======== Available data

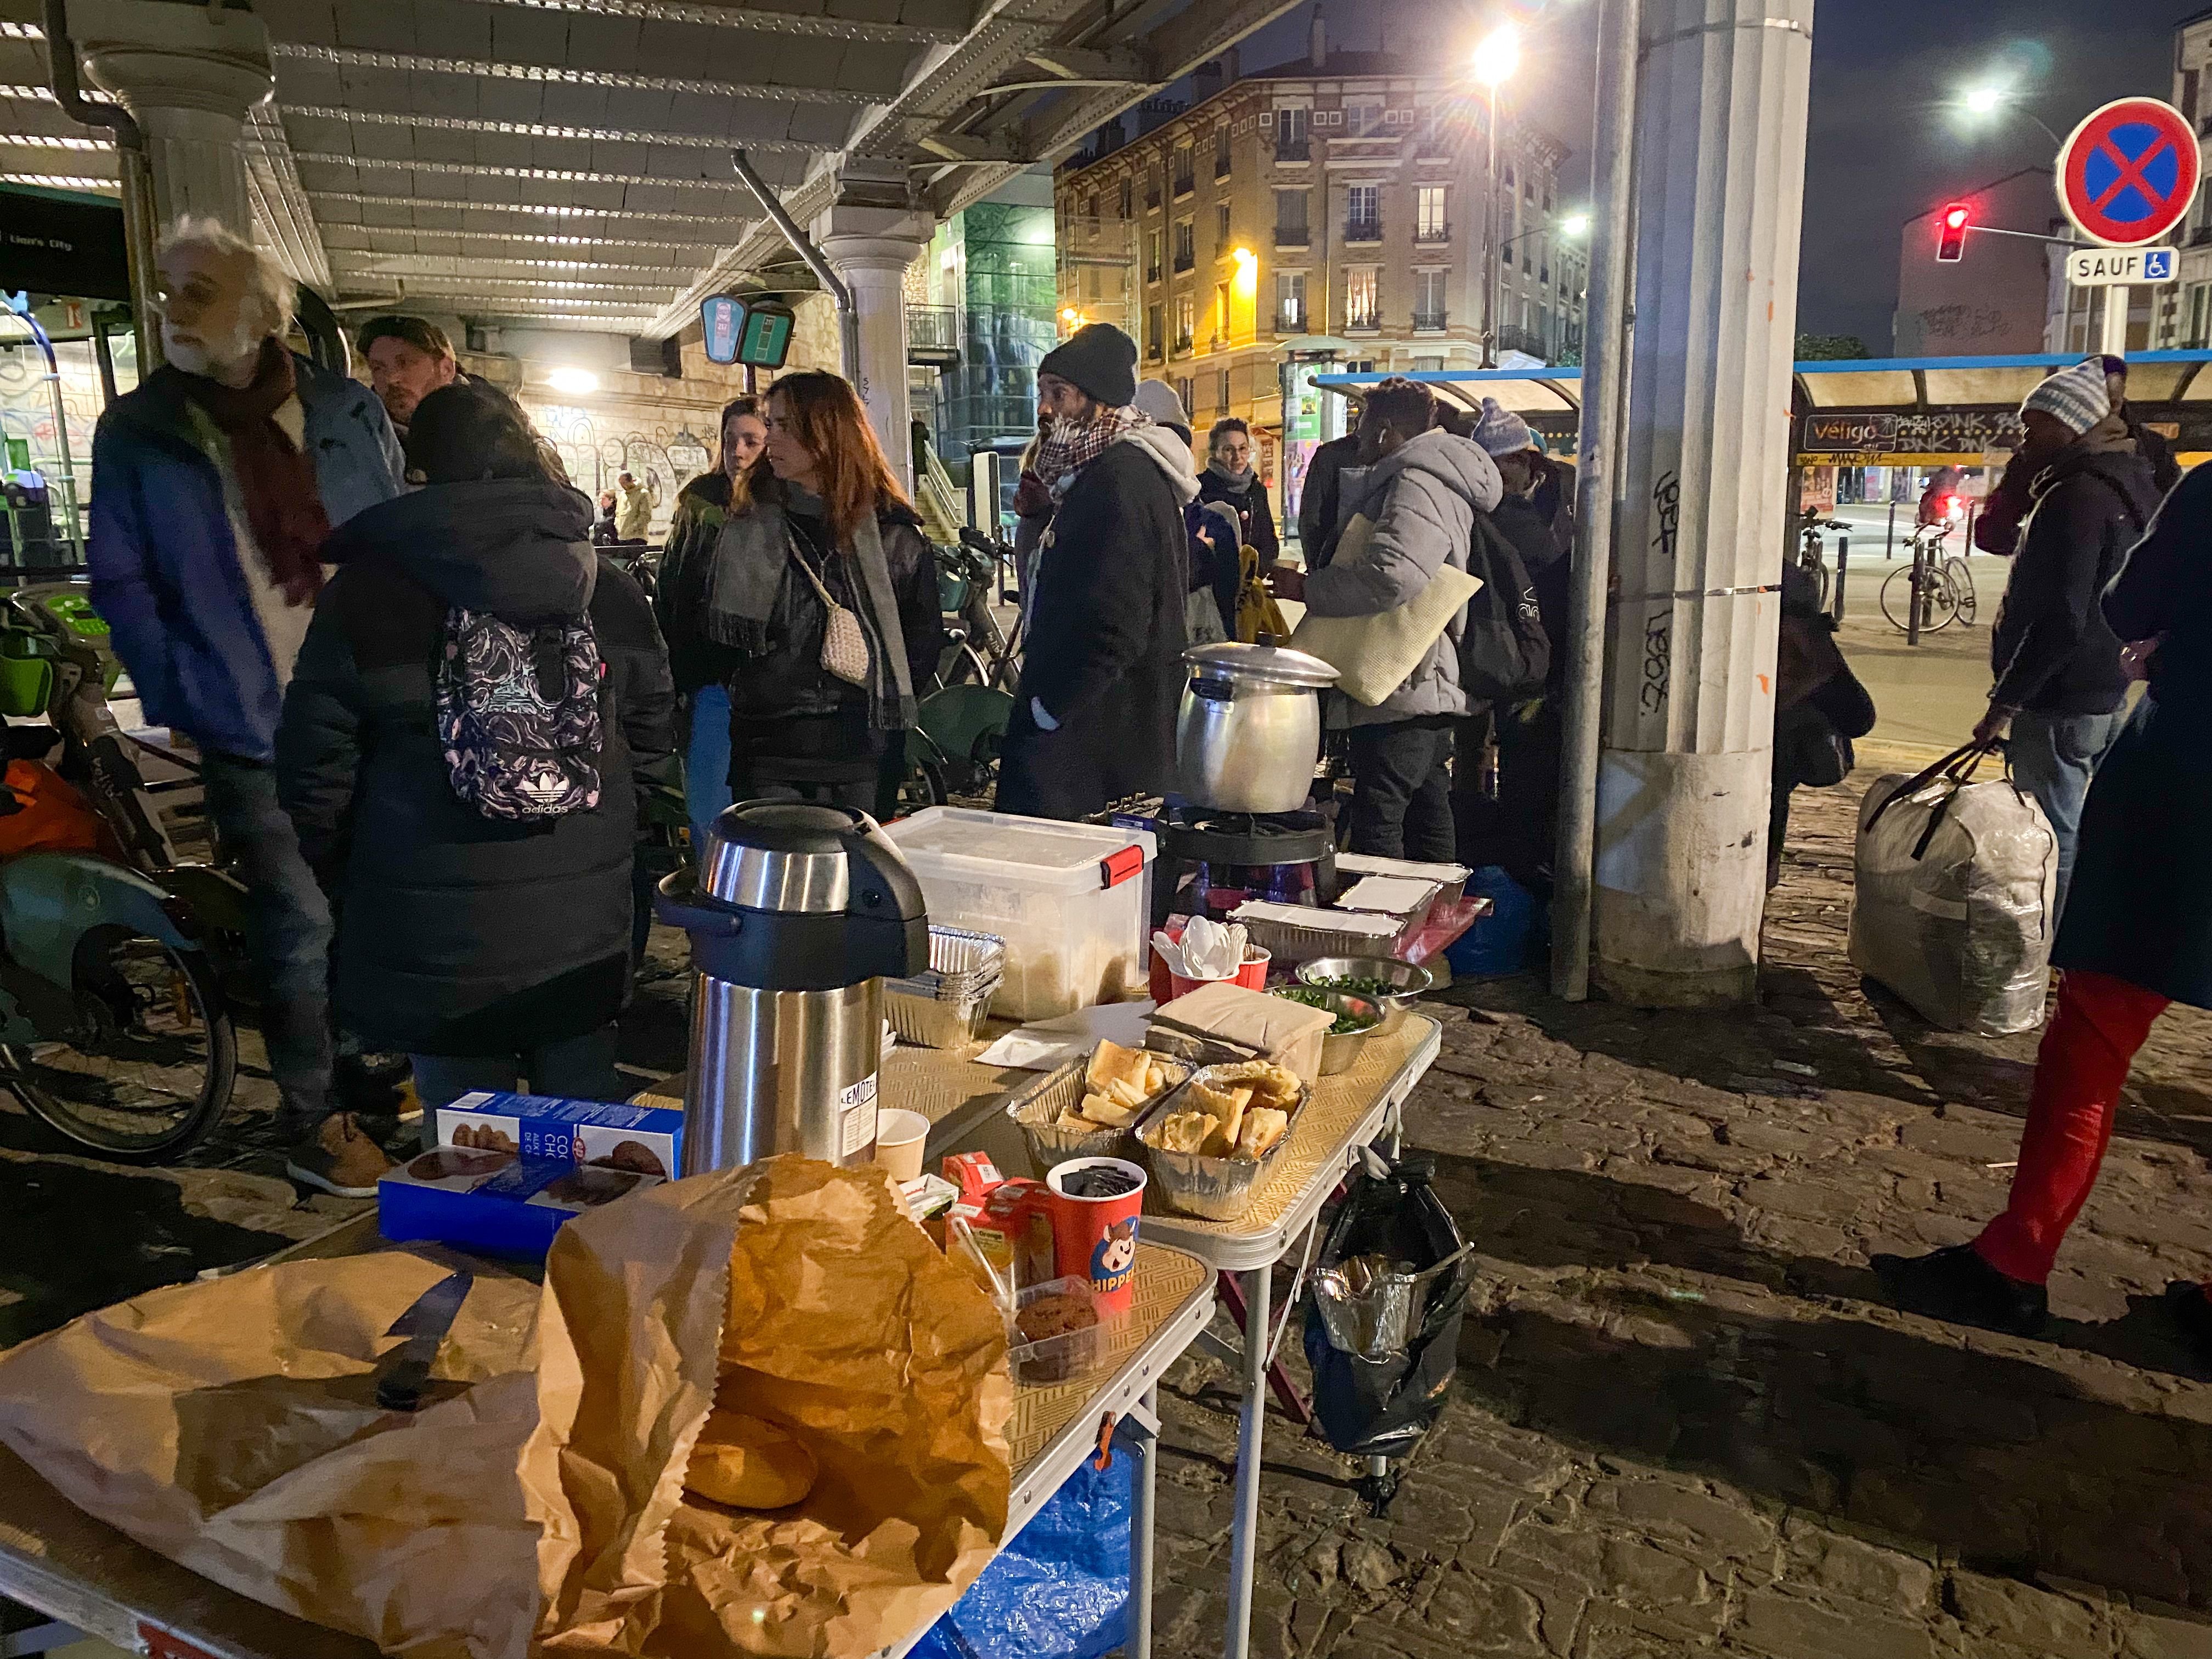 Vitry-sur-Seine, mardi 23 avril. Les membres du Collectif solidaire de Vitry 94 organisent leur deuxième distribution de repas chauds pour les migrants expulsés du squat la semaine précédente. LP/Marion Sillion
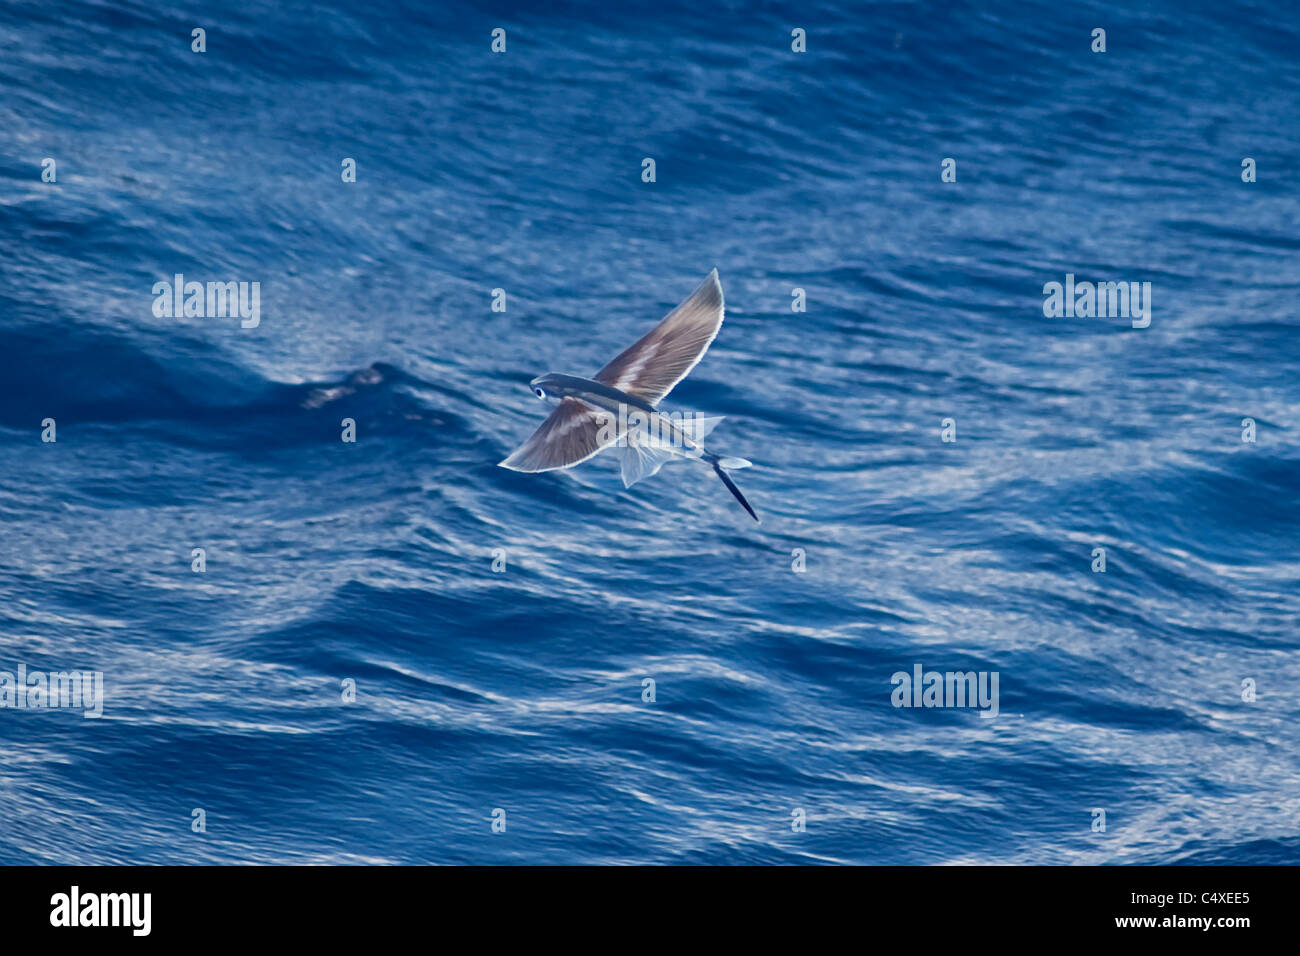 Les espèces de poissons volants (nom scientifique inconnu) rare rare de droit, à la mi-air. Océan Atlantique Sud. Banque D'Images
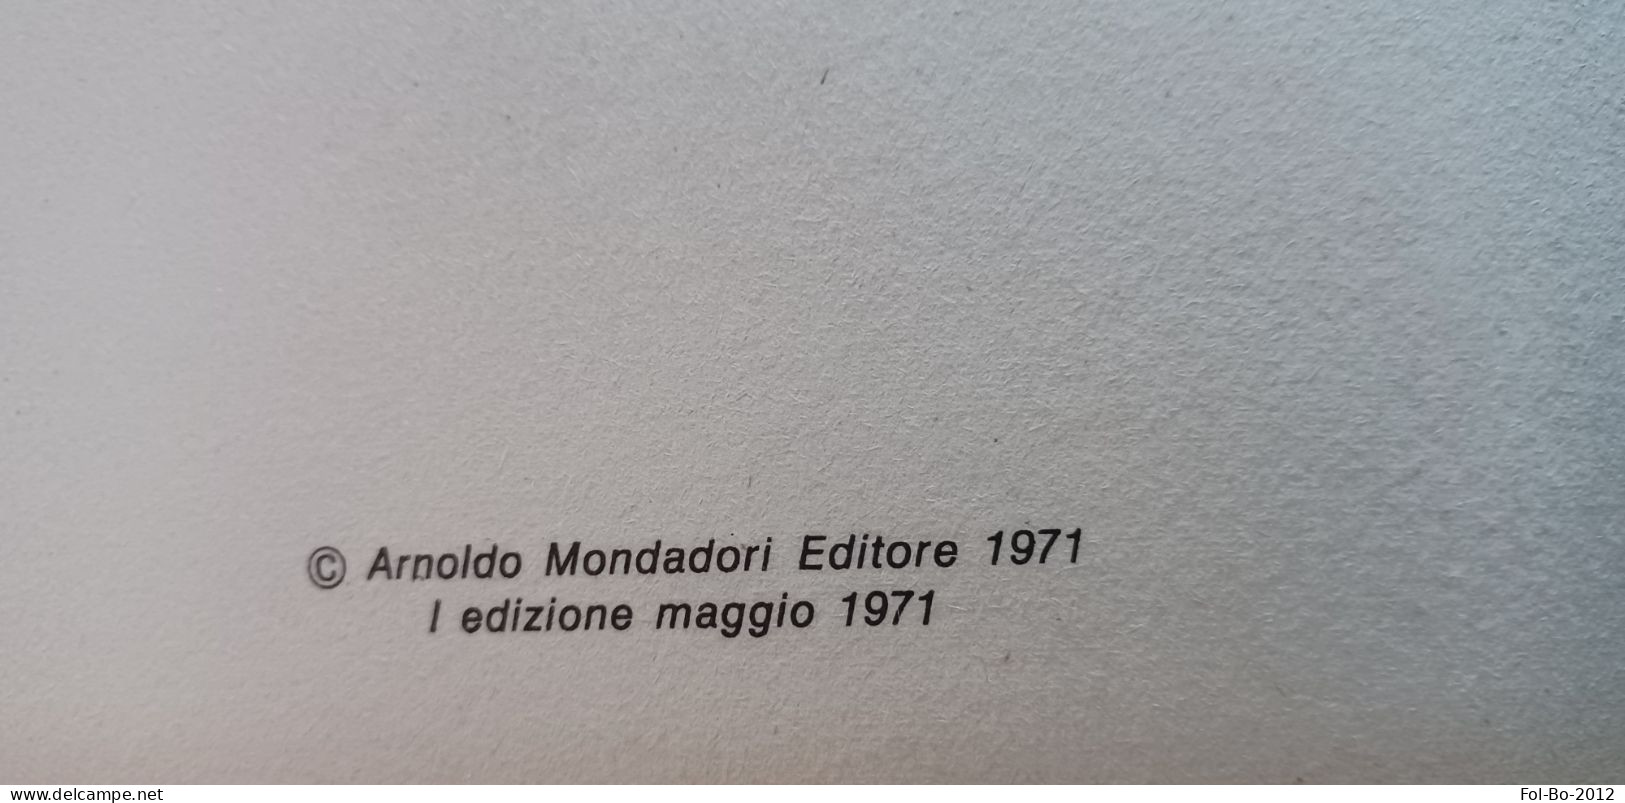 Per Un Pugno Di Spiccioli & Occhio Di Pollo Due Western All'italiana Di Jacovitti Mondadori 1971 - Umoristici

================

» Task objective
Copy the listing over exactly, skipping the pictures it holds.

» Final answer
 Vitry-sur-Seine, mardi 23 avril. Les membres du Collectif solidaire de Vitry 94 organisent leur deuxième distribution de repas chauds pour les migrants expulsés du squat la semaine précédente. LP/Marion Sillion
 Les espèces de poissons volants (nom scientifique inconnu) rare rare de droit, à la mi-air. Océan Atlantique Sud. Banque D'Images
 Per Un Pugno Di Spiccioli & Occhio Di Pollo Due Western All'italiana Di Jacovitti Mondadori 1971 - Umoristici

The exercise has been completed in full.